> **Goal of the exercise**: Retype the material that follows exactly, limited to the lines from the one with "Heroes of the" through the one with "Headshot of a", and keep out all pictures.

> **Source data**:

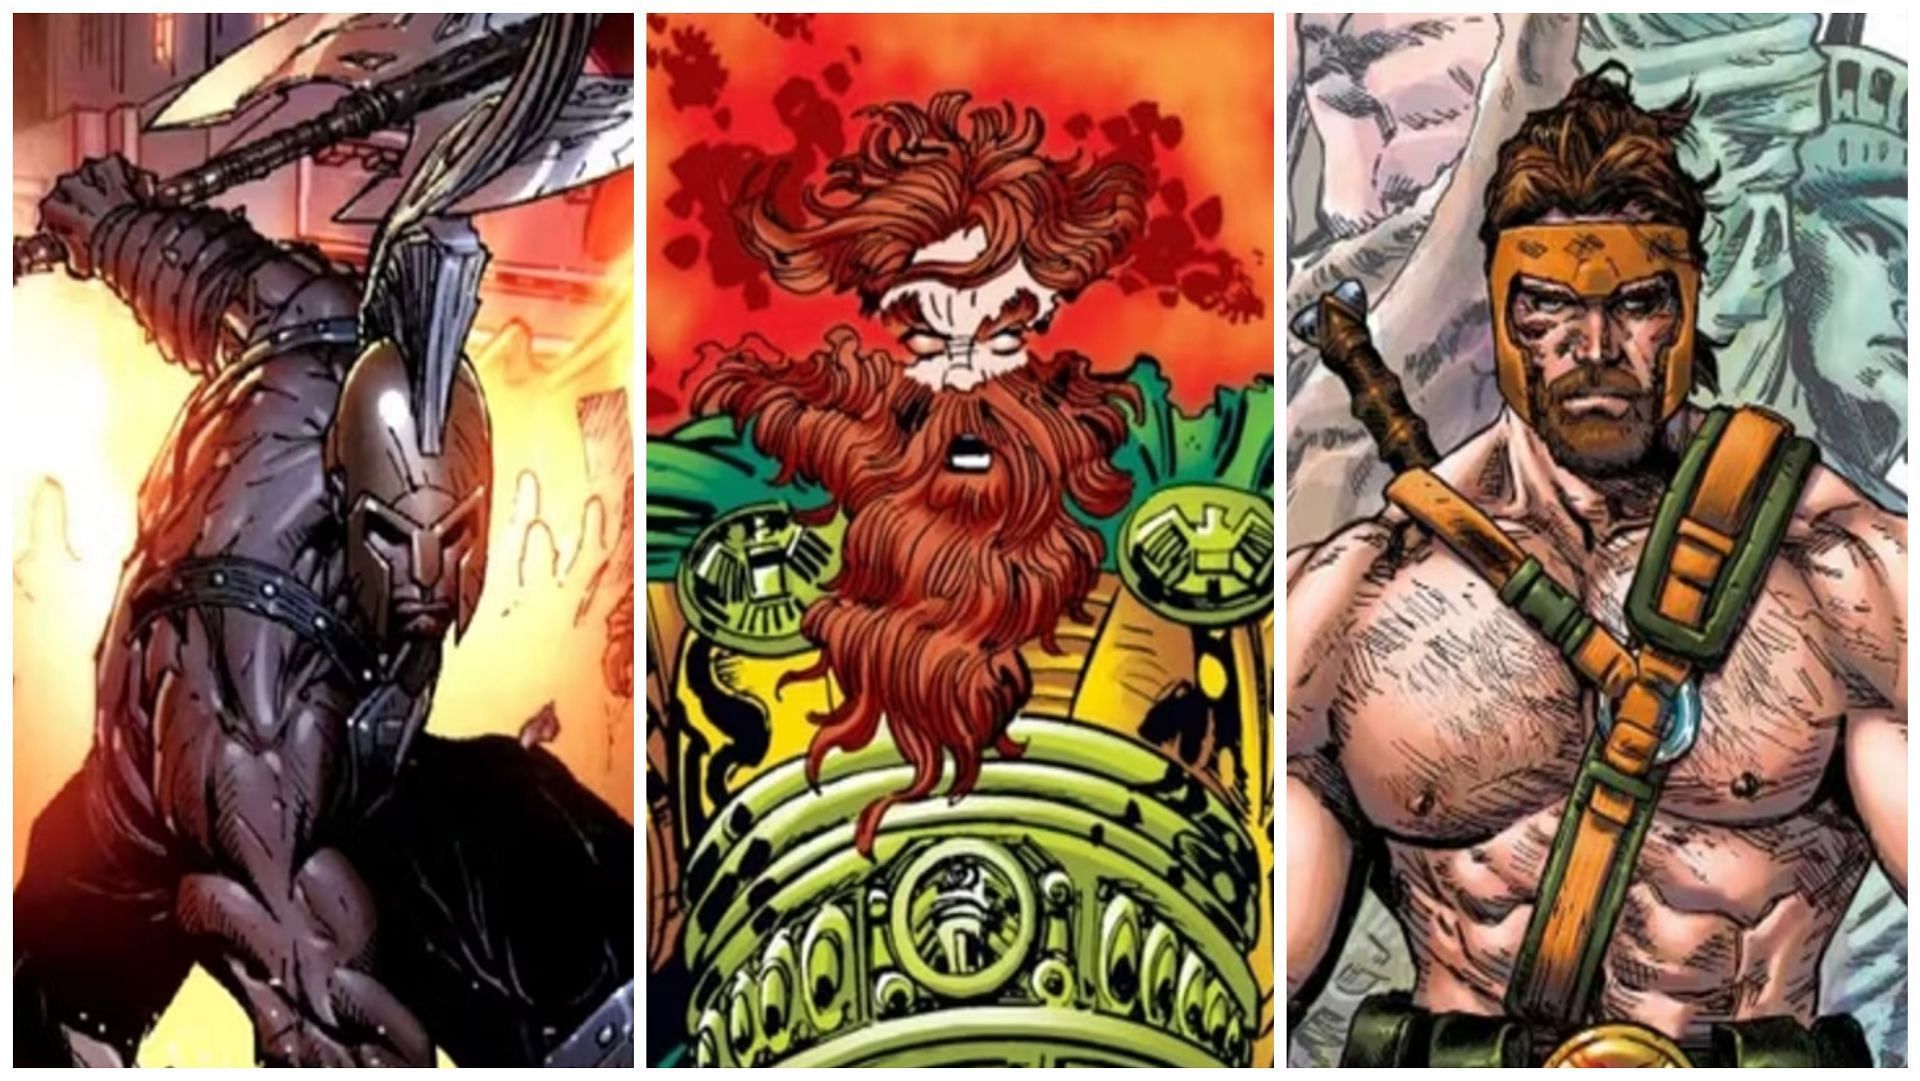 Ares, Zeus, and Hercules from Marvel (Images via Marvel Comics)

==

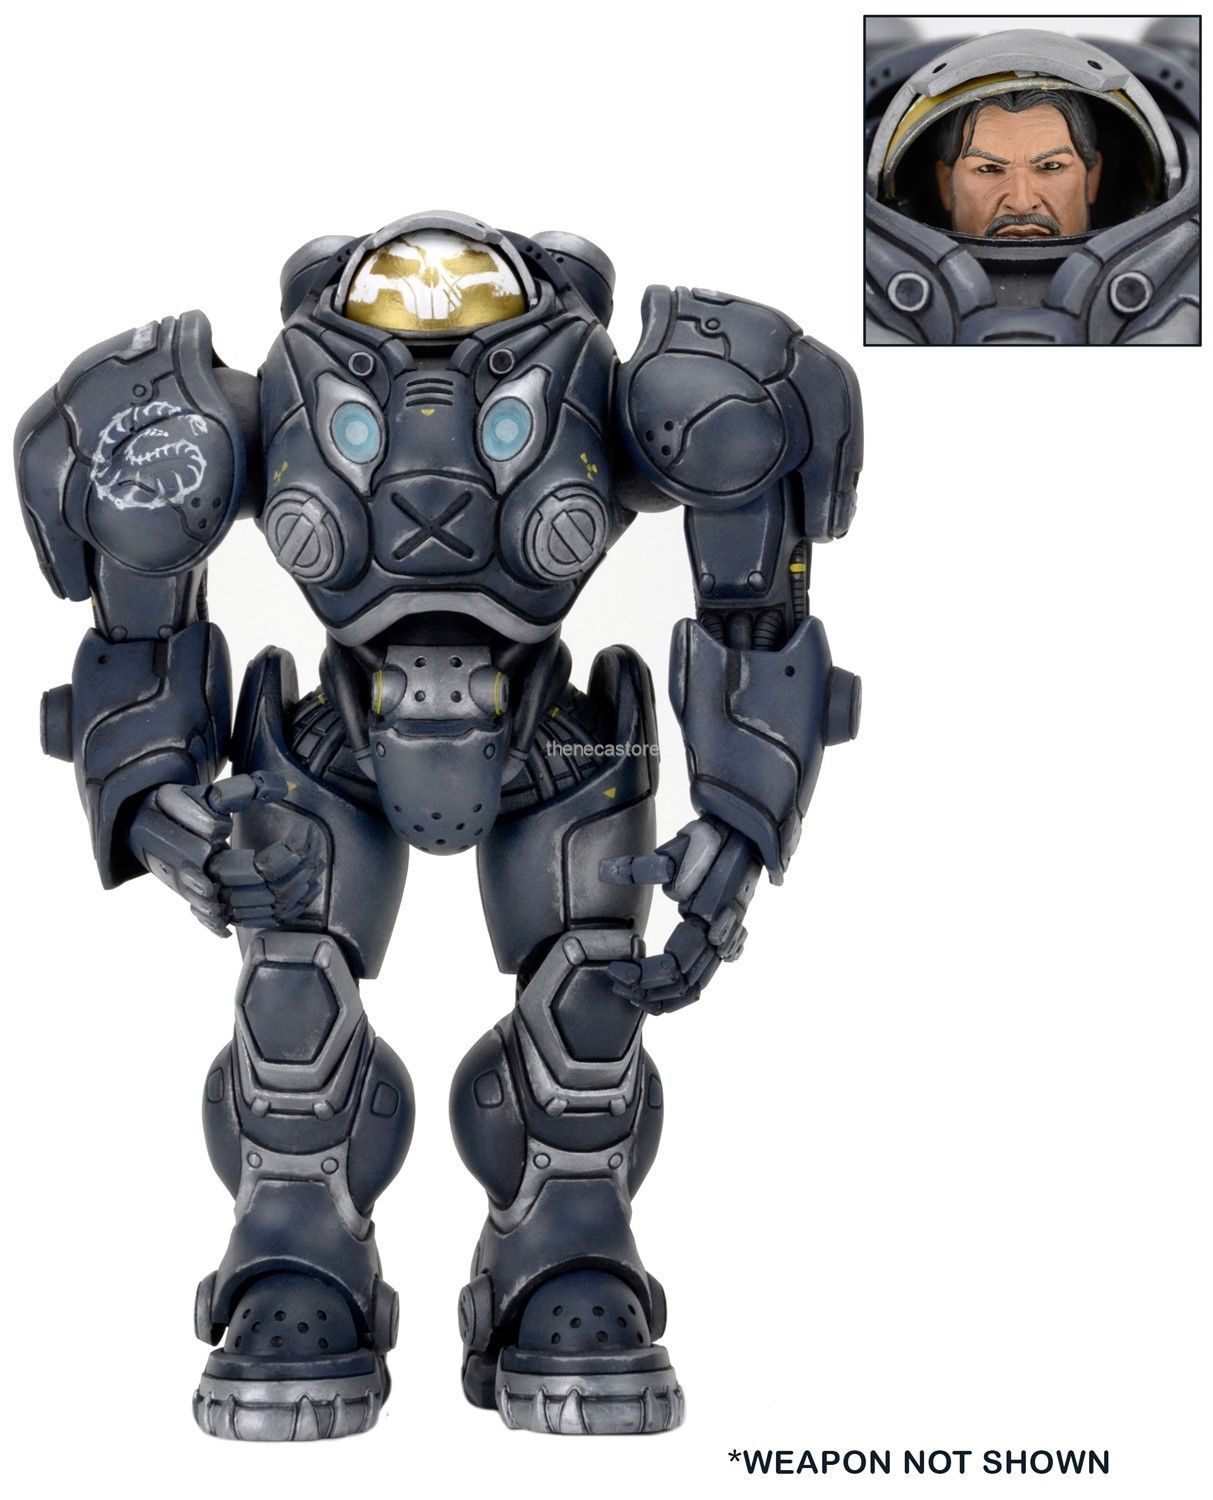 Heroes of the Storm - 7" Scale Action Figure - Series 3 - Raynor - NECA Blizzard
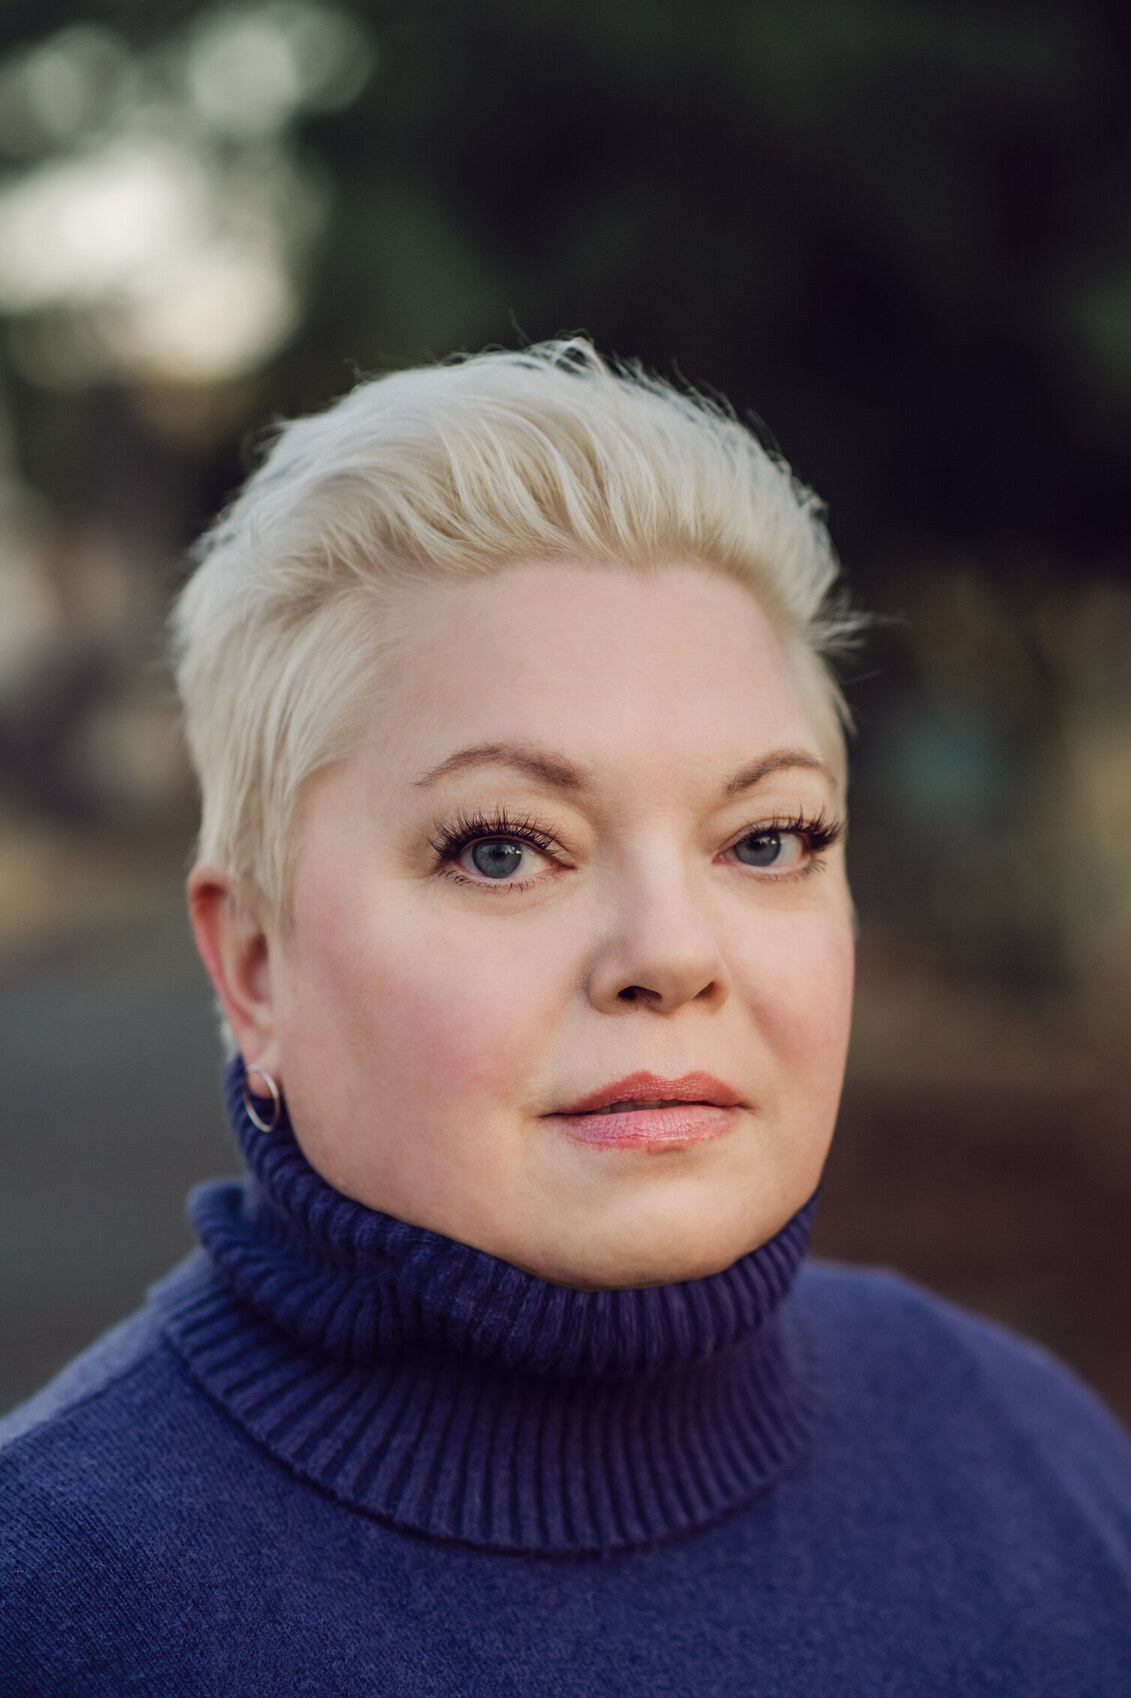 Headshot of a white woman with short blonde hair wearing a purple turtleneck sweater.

> **Answer space**:
 Heroes of the Storm - 7" Scale Action Figure - Series 3 - Raynor - NECA Blizzard
 Headshot of a white woman with short blonde hair wearing a purple turtleneck sweater.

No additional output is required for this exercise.